Vegan and gluten free curry roasted cauliflower candy potato salad with candy dried cranberries, recent herbs and a creamy curry tahini dressing. This attractive cauliflower candy potato salad is all the pieces you might ever need. Simple to make, full of veggies and completely addicting!

Components

  • For the cauliflower and candy potatoes:
  • 1 head cauliflower, minimize into medium-sized florets (about 3-4 cups florets)
  • 1 massive candy potato, minimize into ½ inch cubes (about 2-3 cups diced candy potato)
  • 1 tablespoon olive oil
  • 1 teaspoon curry powder
  • ½ teaspoon floor turmeric
  • ½ teaspoon garlic powder
  • ¼ teaspoon purple cayenne pepper
  • Freshly floor salt and pepper
  • For the add-ins:
  • cup thawed frozen peas (simply allow them to sit in heat water for a bit)
  • ¼ cup diced inexperienced onion
  • cup dried cranberries (or dried cherries)
  • ½ cup finely chopped cilantro
  • optionally available: 1/4 cup finely chopped flat leaf parsley
  • For the dressing:*
  • 3 tablespoons tahini
  • 1 tablespoon recent lemon juice
  • 2-3 tablespoons heat water, to skinny the dressing
  • ½ teaspoon curry powder
  • ¼ teaspoon garlic powder
  • ½ tablespoon freshly grated ginger
  • ¼ teaspoon floor turmeric
  • ¼ teaspoon salt
  • Freshly floor black pepper
  • To garnish:
  • Further cranberries & cilantro

Directions

  • Preheat oven to 350 levels F. Place cauliflower florets and cubed candy potatoes on a big baking sheet. Drizzle with olive oil, then sprinkle on curry powder, turmeric, garlic powder, purple cayenne pepper and season with salt and pepper. Use clear arms to toss all the pieces collectively till it’s effectively coated with oil and spices. Unfold out evenly. Roast for half-hour, flipping midway in between. We would like the candy potatoes to be considerably fork tender however nonetheless have a slight chunk.
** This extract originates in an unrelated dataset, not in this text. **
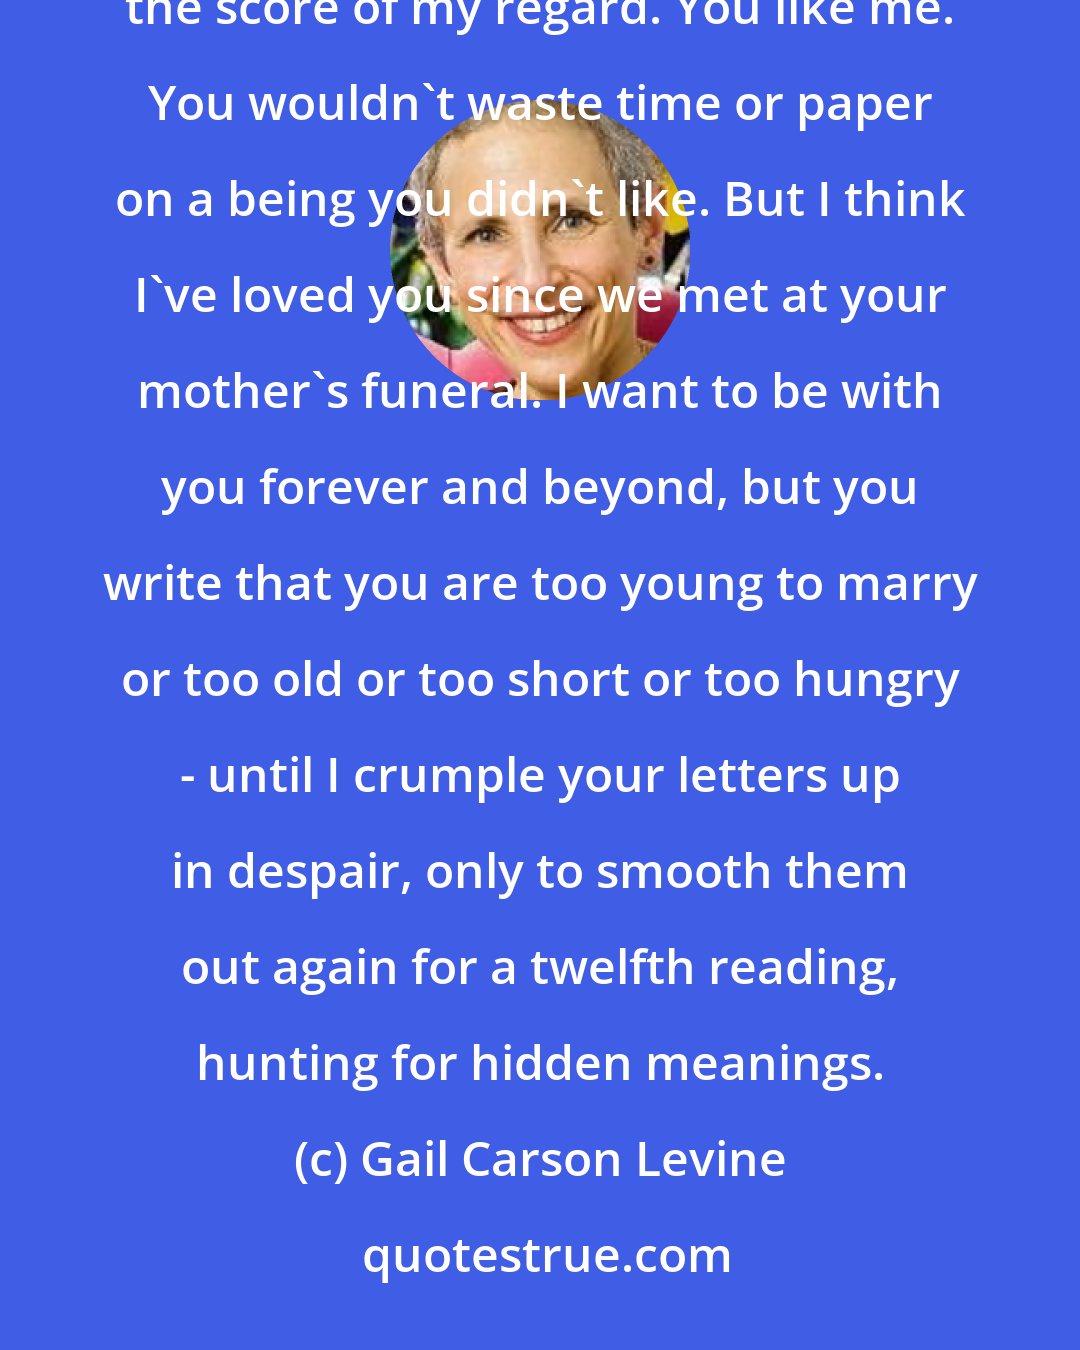 Gail Carson Levine: But what I really long to know you do not tell either: what you feel, although I've given you hints by the score of my regard. You like me. You wouldn't waste time or paper on a being you didn't like. But I think I've loved you since we met at your mother's funeral. I want to be with you forever and beyond, but you write that you are too young to marry or too old or too short or too hungry - until I crumple your letters up in despair, only to smooth them out again for a twelfth reading, hunting for hidden meanings.

  • As soon as executed cooking, add roasted candy potato and cauliflower to a medium bowl. Add within the thawed peas, inexperienced onion, cranberries, cilantro and parsley.
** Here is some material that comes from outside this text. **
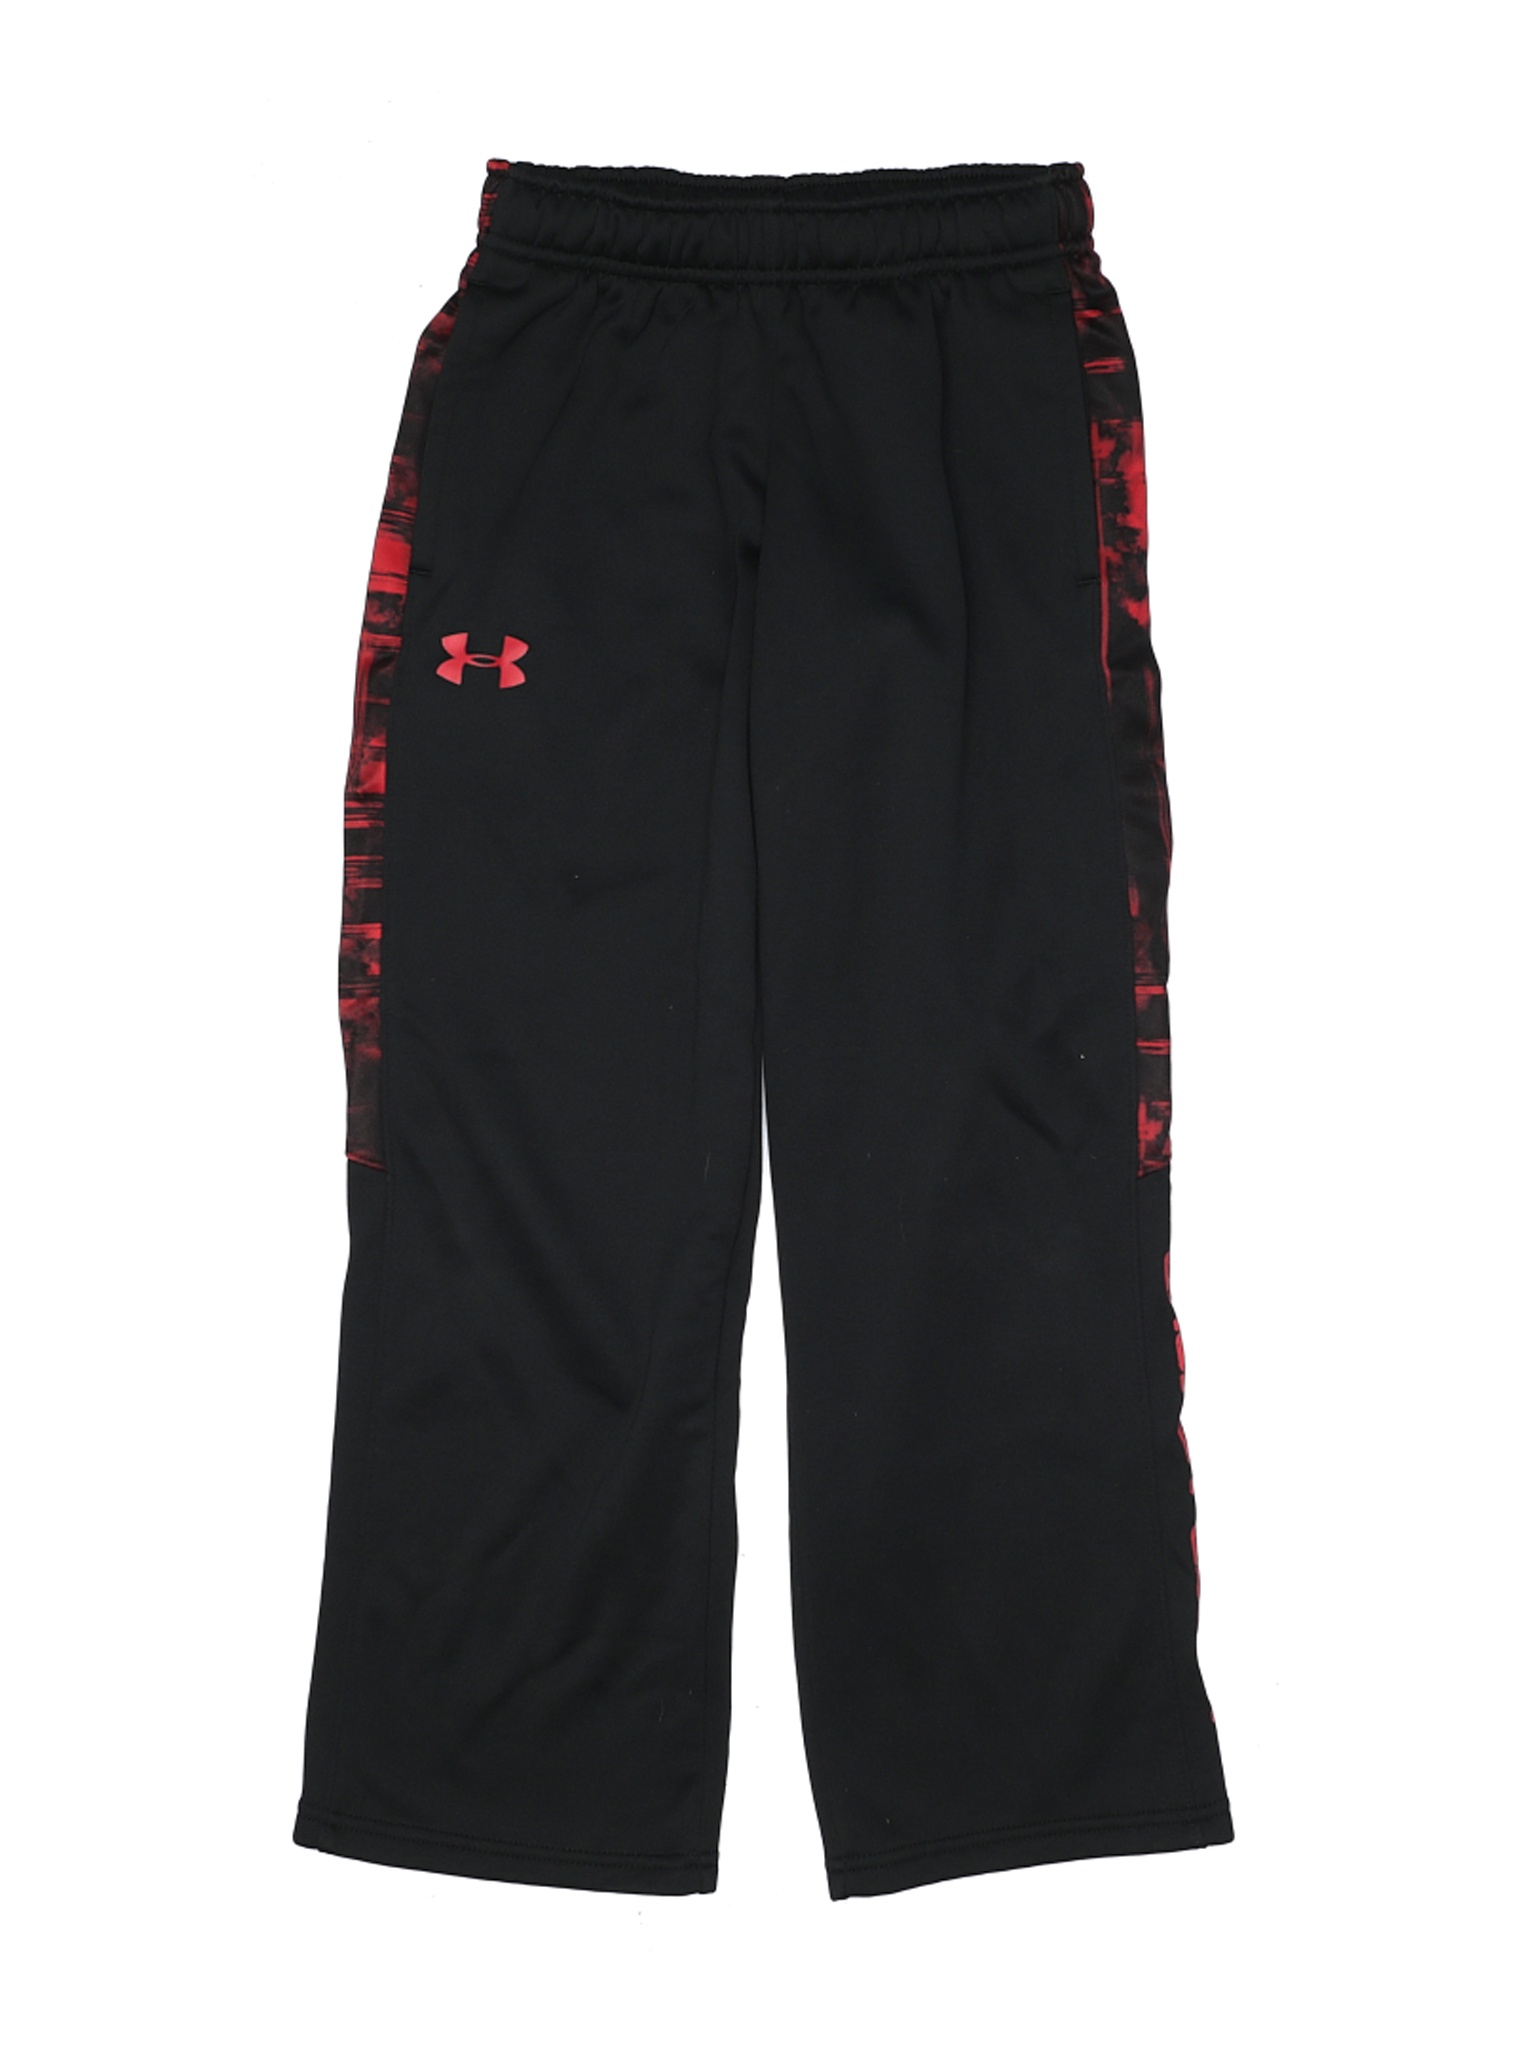 Under Armour Boys Black Active Pants S Youth | eBay

  • Make the dressing: In a small bowl, add in tahini, lemon juice, heat water, curry powder, garlic powder, ginger, turmeric, salt and pepper. Combine effectively to mix. Style and modify seasonings to your liking. Add extra heat water if essential to skinny out the dressing so it’s spoonable. Fold the dressing into the remainder of the substances till they’re effectively coated. Serves 2-4, relying on how hungry you’re. Garnish with a couple of further scallions, cranberries and cilantro.

Recipe Notes

If you would like this spicy, add 1/4 teaspoon extra cayenne pepper to the dressing.
For those who discover the dressing bitter, be happy so as to add 1-2 teaspoons of pure maple syrup to sweeten it up.

Diet

Serving: 1serving (based mostly on 4)Energy: 213calCarbohydrates: 26.4gProtein: 5.9gFats: 10.2gSaturated Fats: 1.4gFiber: 6.3gSugar: 10.4g

Recipe by: Monique Volz // Bold Kitchen | Images by: Eat Love Eats

This submit was initially revealed on January 9, 2019, republished on September 16, 2021, and republished on October 11, 2023.